3) In addition, I think it would be good to discuss the expected changes in PA and QOL when the disease stage progresses in the future.
4) The authors conclude that "Physical activity can positively influence the emotion and overall quality of life of cystic fibrosis patients." Is it possible that this was simply a result of feeling better because milder patients could have more PA? Even if it is just a guess, it should be stated how this PA and QOL will be affected by the difference in severity of CF.
Minor:
1) P1/L11 “CF”
Abbreviation “CF” for “cystic fibrosis” in abstracts should be fully spelled out on first appearance. I think that would be kinder for journals that are not limited to respiratory diseases.
2) P1/L12 “children with cystic fibrosis
“children with cystic fibrosis” can be abbreviated as “children with CF”.
3) P3L145 “13,22” Is this “,” correct?
And also L146 ”19,58” and L146 ”10,16”. And also in Table 1, “13,22” “13,80”…..

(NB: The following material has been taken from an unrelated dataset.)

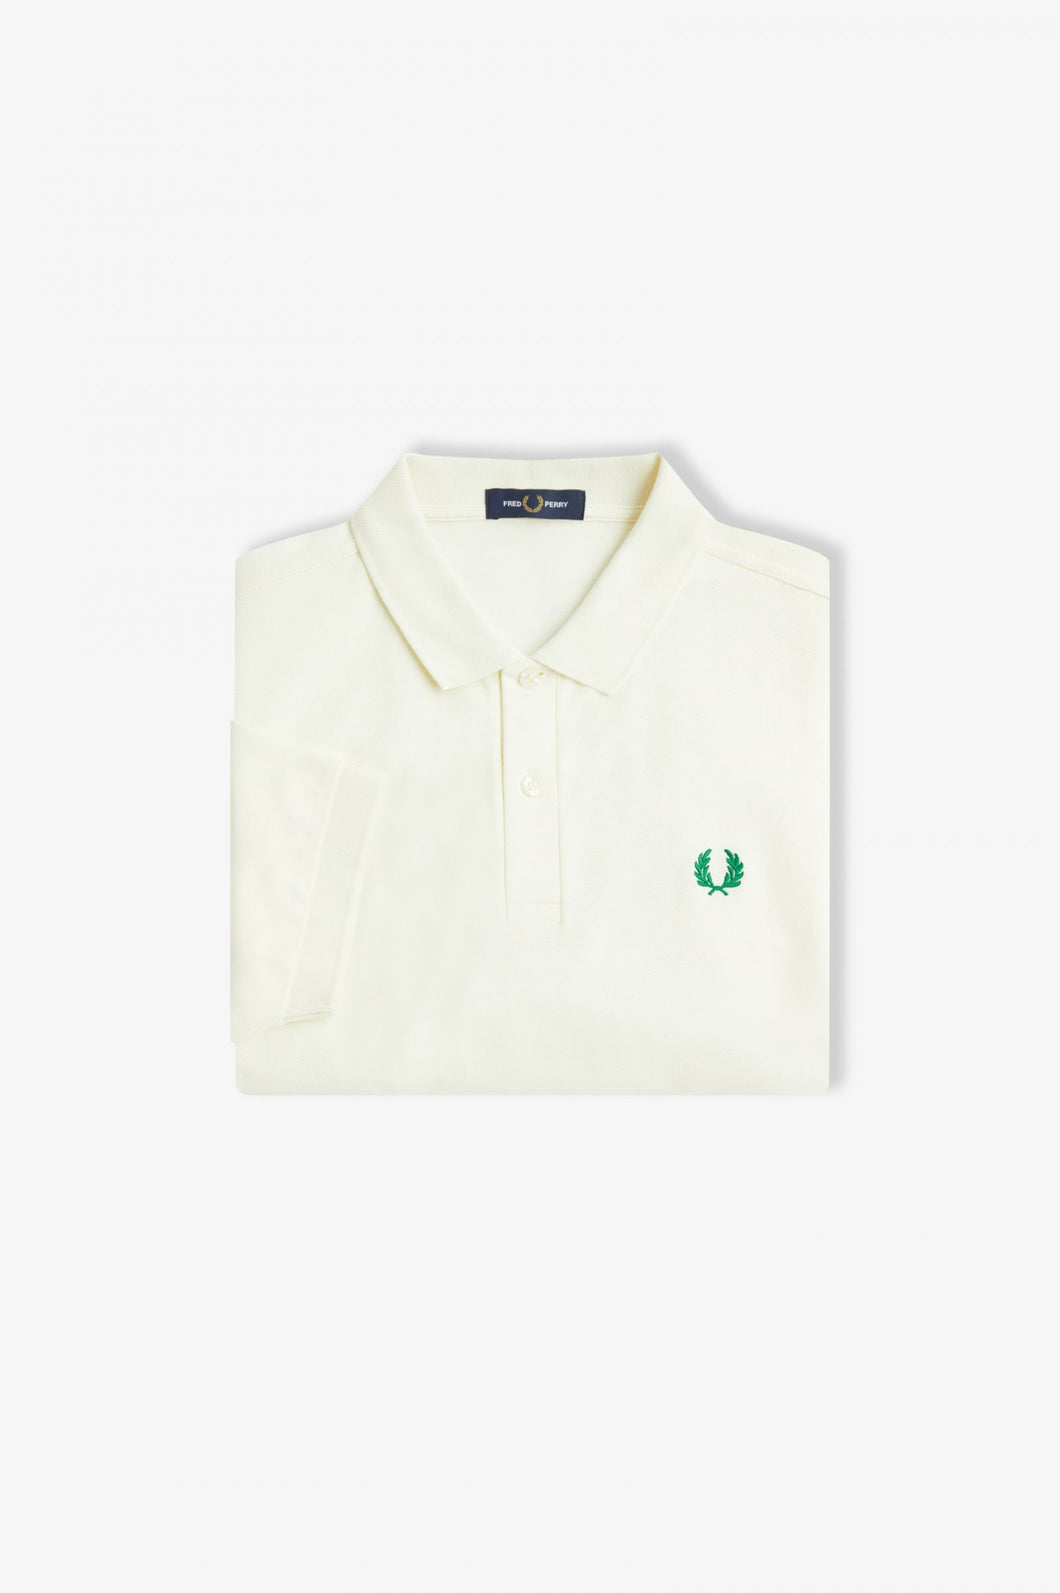 Fred Perry Polo Shirt in Ecru with Emerald Green Laurel detailing
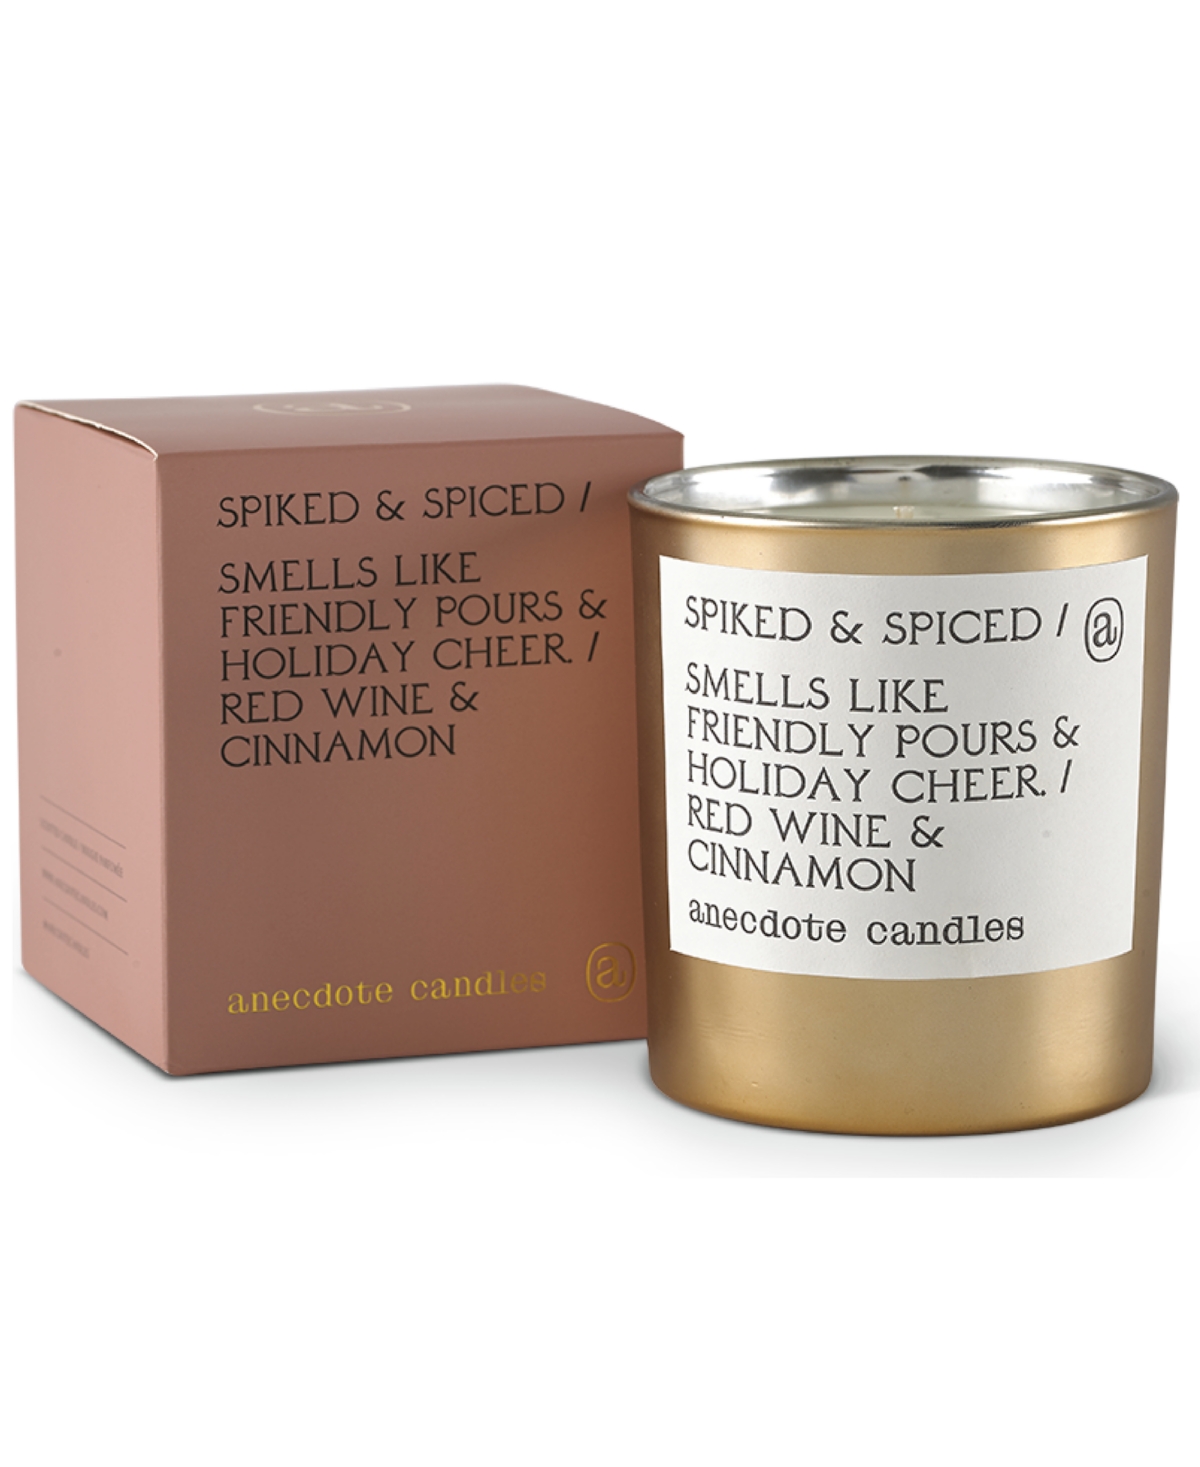 Spiked & Spiced Gold Tumbler Candle, 9-oz. - Spiked  Spiced

4) Have you evaluated CFTR variants?
Author Response
We would like to thank the reviewer for the valuable comments on our manuscript.
Please, find below our response to the reviewer's comments:
Reviewer comment 1: In Table 1, there is no difference in height, weight, and BMI between patients and healthy subjects. And, the patients’ pulmonary function are within normal limits. Maybe, in this study, patients with mild symptoms without nutritional or respiratory disorders are mainly enrolled. The selection of cases should be described. A little more detailed patient characteristics should be described. And, the influence of this on the results of the study should be described in discussion.
Author's response: we that the reviewer for the comments. We have added our response to the results section and we have added the relevant comment in the discussion section.
Reviewer comment 2: If possible, I think you should mention the PA and QOL trends of patients with chest X-ray findings and/or respiratory symptoms.
If possible, I think you should mention the PA and QOL trends of patients with gastrointestinal symptoms.
Author's response: Thank you for the comment; unfortunately we do not have the relevant data.
Reviewer comment 3: In addition, I think it would be good to discuss the expected changes in PA and QOL when the disease stage progresses in the future.
Author's response: Thank you; we have added the relevant comment in the discussion section.
Reviewer comment 4: The authors conclude that "Physical activity can positively influence the emotion and overall quality of life of cystic fibrosis patients." Is it possible that this was simply a result of feeling better because milder patients could have more PA? Even if it is just a guess, it should be stated how this PA and QOL will be affected by the difference in severity of CF.
Author's Response: Thank you; we have added the relevant comment in the discussion section.
Minor Comments:
R1) P1/L11 “CF”
Abbreviation “CF” for “cystic fibrosis” in abstracts should be fully spelled out on first appearance. I think that would be kinder for journals that are not limited to respiratory diseases.
Author response 1: thank you; we have corrected that.
R2) P1/L12 “children with cystic fibrosis
“children with cystic fibrosis” can be abbreviated as “children with CF”.
Author response: thank you; we corrected that.
R3) P3L145 “13,22” Is this “,” correct?
And also L146 ”19,58” and L146 ”10,16”. And also in Table 1, “13,22” “13,80”…..
Author response: thank you; we corrected that to ".".
R4) Have you evaluated CFTR variants?
Author response: thank you for the valuable comment; we have not evaluated CFTR variants.